Medical records comprise varied data types; artificial intelligence and data-mining methods (DMTs) are useful to draw insights and patterns. Several scholars claim that there is no universal way of addressing diagnosis issues, and a mixed model is desirable to resolve these concerns. In this paper, the authors compare the proven approaches and propose a framework to integrate the findings from various techniques to evade Type 2 and Type 1 errors. The dataset chosen for this purpose includes medical data on HPV disease. Two sets of dataset – disease and treatment dataset and features found significant from ensemble method – the random forest were used and to predict the disease.
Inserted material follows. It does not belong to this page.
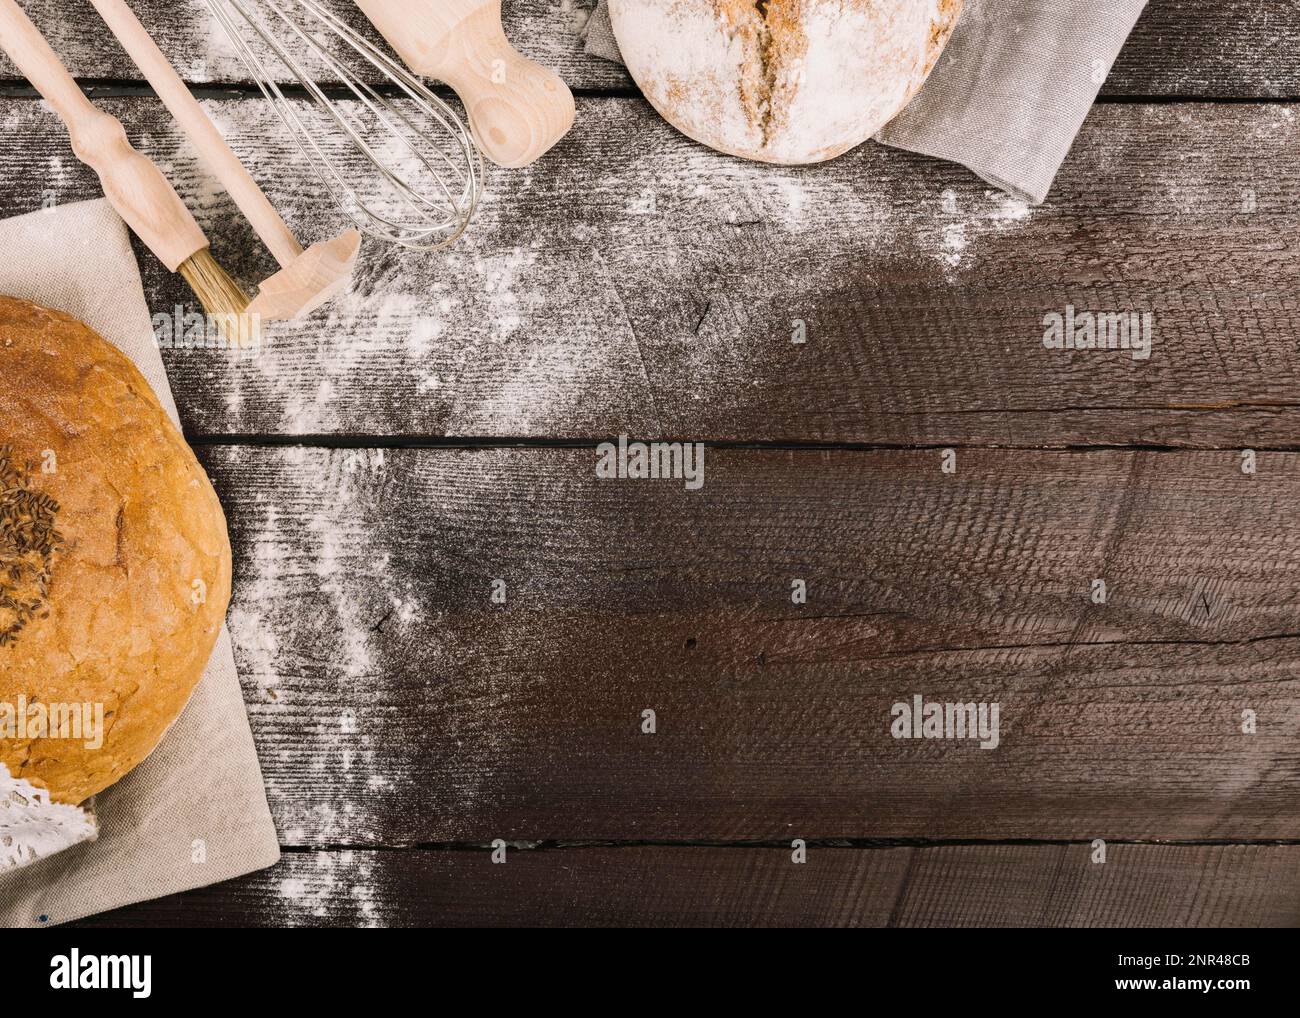 Brot Küchengeräte mit Mehl Holzdiele staubt Stockfoto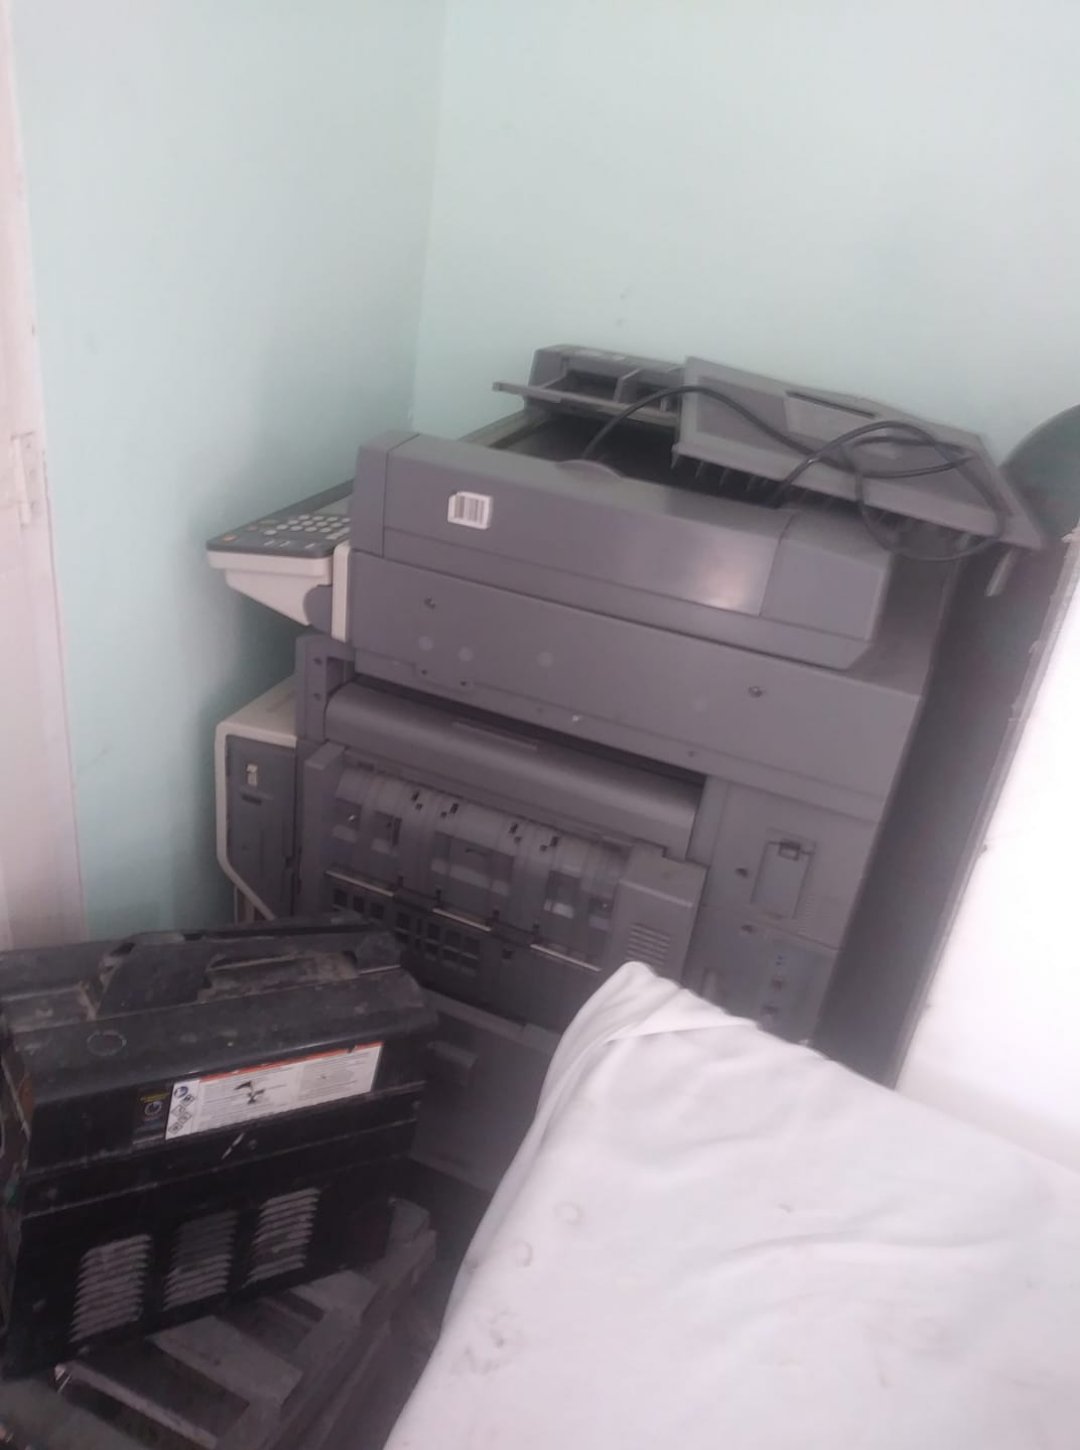 impresoras y scanners - fotocopiadora

The results show that traditional methods such as Logistic Regression(LR) performed better with features found significant using  Random Forest(RF). However, this approach fails when the dichotomy of data (i.e., disease or no disease) is not distinct. Decision Tree(DT) analysis shows consistent performance across all variants of the dataset chosen in this paper. The paper suggests an amalgamation of association rules and a prediction approach (with or without integration) that provides higher accuracy. 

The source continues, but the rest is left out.